Estas características estão em sintonia com uma composição imagética agradável, em espaços cuidados e com frequência bem iluminados. O que provoca um contraste curioso com a matéria negra que aborda. Uma clara declaração de que a crueldade inflamada não escolhe entre a luz ou sombra, classes ou géneros: pois alguns homens também não saem ilesos dos pecados físicos do filme.

Existem, portanto, tentativas de tornar o argumento mais complexo, sendo que o potencial esgota-se nas personagens estereotipadas e meramente funcionais. Conhecemo-las mais por referências cinematográficas passadas, isto é, pelo que elas representam, e não pelas interações que estabelecem entre si. O que faz com que seja uma hora e meia algo instigante, mas despida de chamariz nuclear – talvez porque, embora convincente no seu papel, Sonne tenha alguma dificuldade em instituir uma presença magnética no grande ecrã. Colocando-me no papel de advogado do diabo, a própria personagem enquanto pessoa não aparenta ter assim tanto que se lhe diga…
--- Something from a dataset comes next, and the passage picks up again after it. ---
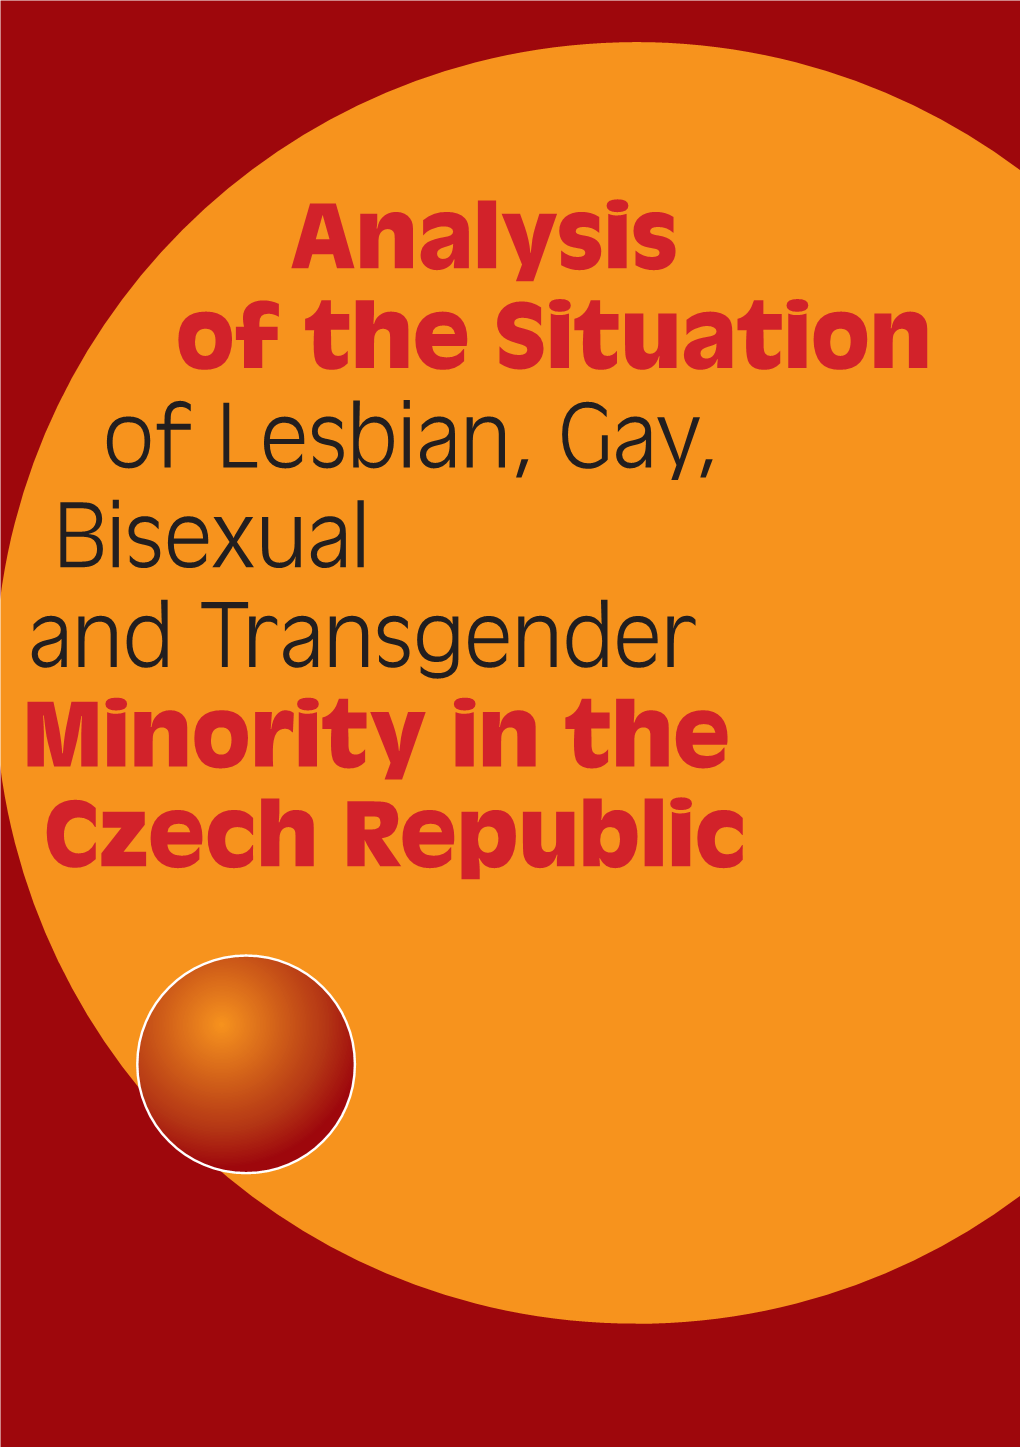 Analysis of the Situation of Lesbian, Gay, Bisexual and Transgender Minority in the Czech Republic
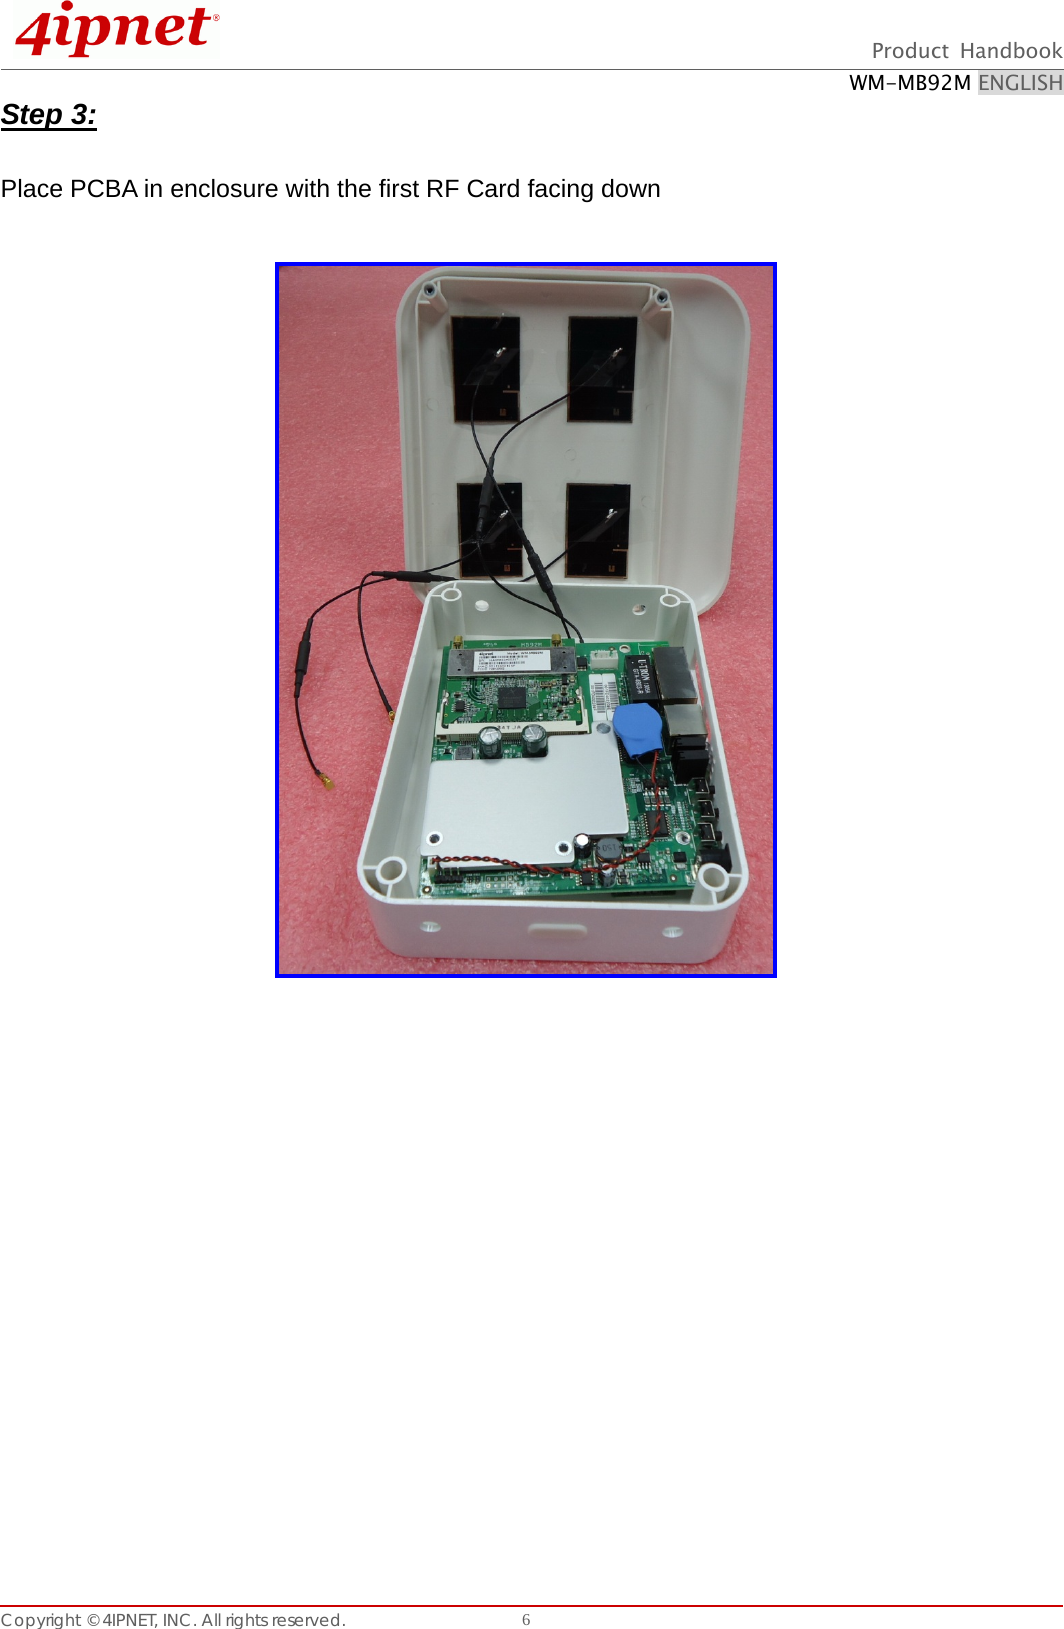  Product Handbook WM-MB92M ENGLISH Copyright © 4IPNET, INC. All rights reserved.    6Step 3:  Place PCBA in enclosure with the first RF Card facing down

O ponto alto do drama e o subsequente desfecho oferecem mais questões do que respostas, no entanto, está longe de ser indecifrável. Mais depressa causa alguma perplexidade. Um sentimento que procura induzir reflexão sobre a influência que temos no outro. A escultura da personalidade também como responsabilidade humana. Nuances psicológicas viciantes que, na minha análise, têm mais influência do que a simples vontade de ter um limite elevado no cartão de crédito.